Terms of Trade
20 September 2025
- General
- These terms of trade including any schedules or annexures to these terms of trade (Terms) apply to any Goods that Altimate Foods Pty Ltd (Altimate) supplies to the Customer. By placing an Order, the Customer confirms that it has read, understood and agreed to these Terms.
- Altimate reserves the right to change these Terms at any time. Amendments only apply to new Orders placed after the amendment date. Existing Orders remain bound by the Terms applicable as at the date of the Order being accepted, unless Altimate specifically notifies otherwise. If the Customer does not agree to any amendment to the Terms, the Customer may stop placing Orders with Altimate. Any Orders placed after the Terms have been amended represent an agreement by the Customer to be bound by the amended Terms.
- Inconsistencies
- The following documents will form the agreement between the parties:
- these Terms; and
- any binding Orders,
- Notwithstanding any terms and conditions or other documentation the Customer may provide, refer to or otherwise submit to Altimate (other than these Terms), the Customer acknowledges and agrees that such terms and conditions will not form part of, or become incorporated into this agreement.
- Ordering
- During the Term, the Customer may issue Orders to Altimate for the supply of Goods in accordance with these Terms. Each Order will be deemed to be a separate offer by the Customer to purchase Goods on these Terms.
- The Customer must place Orders for the Goods in a form acceptable to Altimate specifying at least:
- the date of the placement of the Order;
- the quantity and description of the Goods ordered; and
- the requested delivery date (which must be a Business Day at the requested delivery location).
- Within 5 Business Days of receipt of an Order, Altimate must confirm in writing if it accepts the Order, and if so, notify the Customer of:
- the Price for the relevant Order based on its then standard rates;
- the estimated delivery date; and
- any additional terms required.
- An Order will become binding on the parties once the Order has been accepted by Altimate under clause 3(c). Once an Order becomes binding, it may only be varied by written agreement between the parties.
- Goods
- Altimate must supply the Goods:
- in the quantities and at the times contemplated in an Order;
- competently with due care, skill, diligence and judgement and in a thorough, lawful, efficient and professional manner; and
- in accordance with all applicable laws, regulations, rules and other mandatory codes of conduct, the Order and these Terms.

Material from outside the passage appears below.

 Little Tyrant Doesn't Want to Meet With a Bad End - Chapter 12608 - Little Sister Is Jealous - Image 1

- Delivery of Goods may be made by instalments.
- The Customer must:
- provide all necessary information and make decisions reasonably required by Altimate to allow Altimate to supply the Goods in a timely fashion; and
- grant or procure (as applicable) Altimate access to any relevant location as reasonably necessary for Altimate to supply the Goods.

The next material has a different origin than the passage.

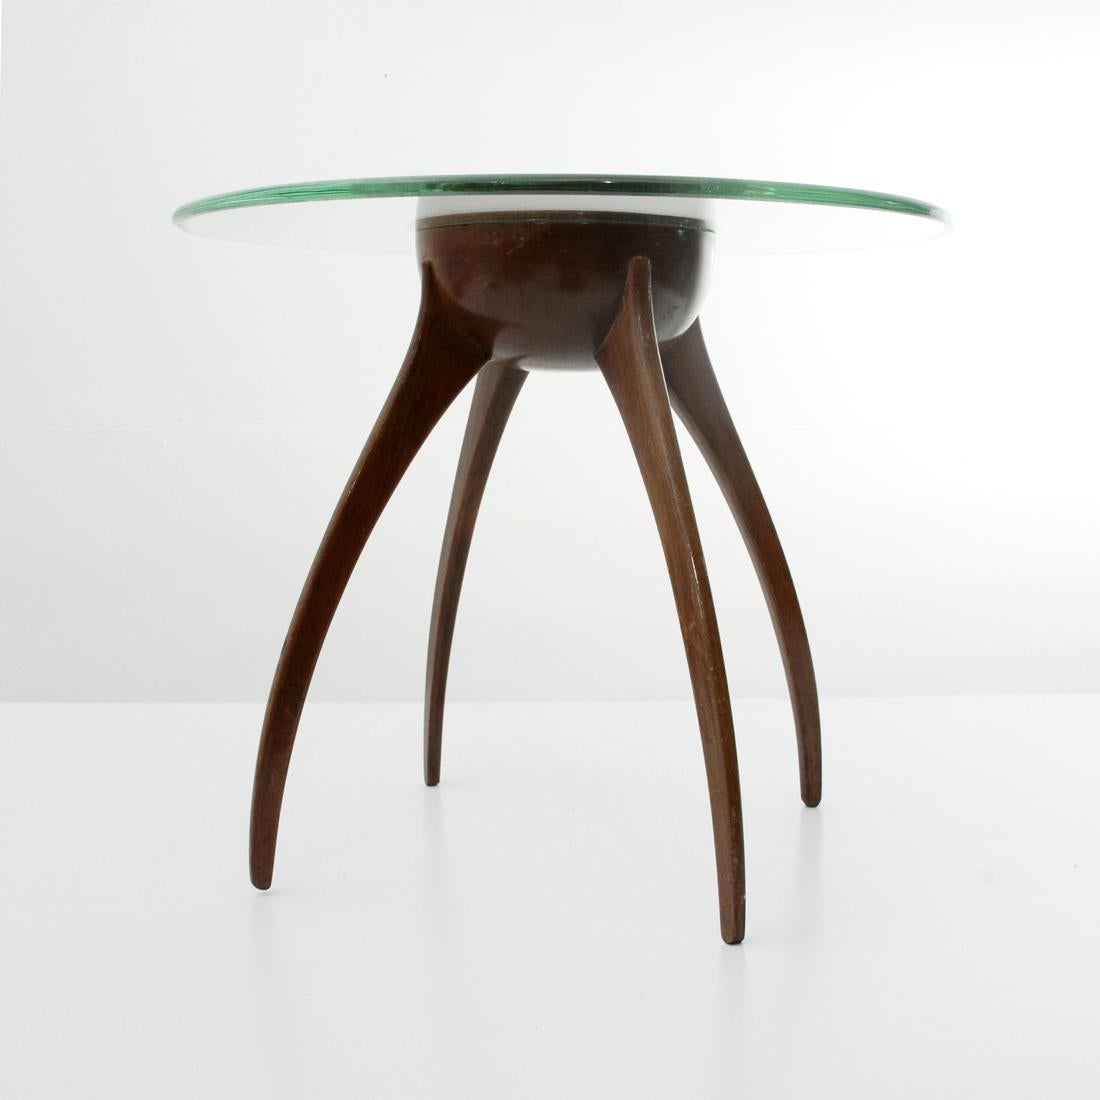 Italian Midcentury Coffee Table with Copper Cup, 1940s 1

- Altimate endeavours to ensure that descriptions of the Products and statements made about them on the Website and in any other communications with the Customer are accurate. Altimate does not, however, represent or warrant that such descriptions and statements are free from errors or omissions and reserves the right to make any necessary corrections. The Customer acknowledges and agrees that it is the Customer’s responsibility to verify that the selected Goods are suitable for the Customer’s intended purpose.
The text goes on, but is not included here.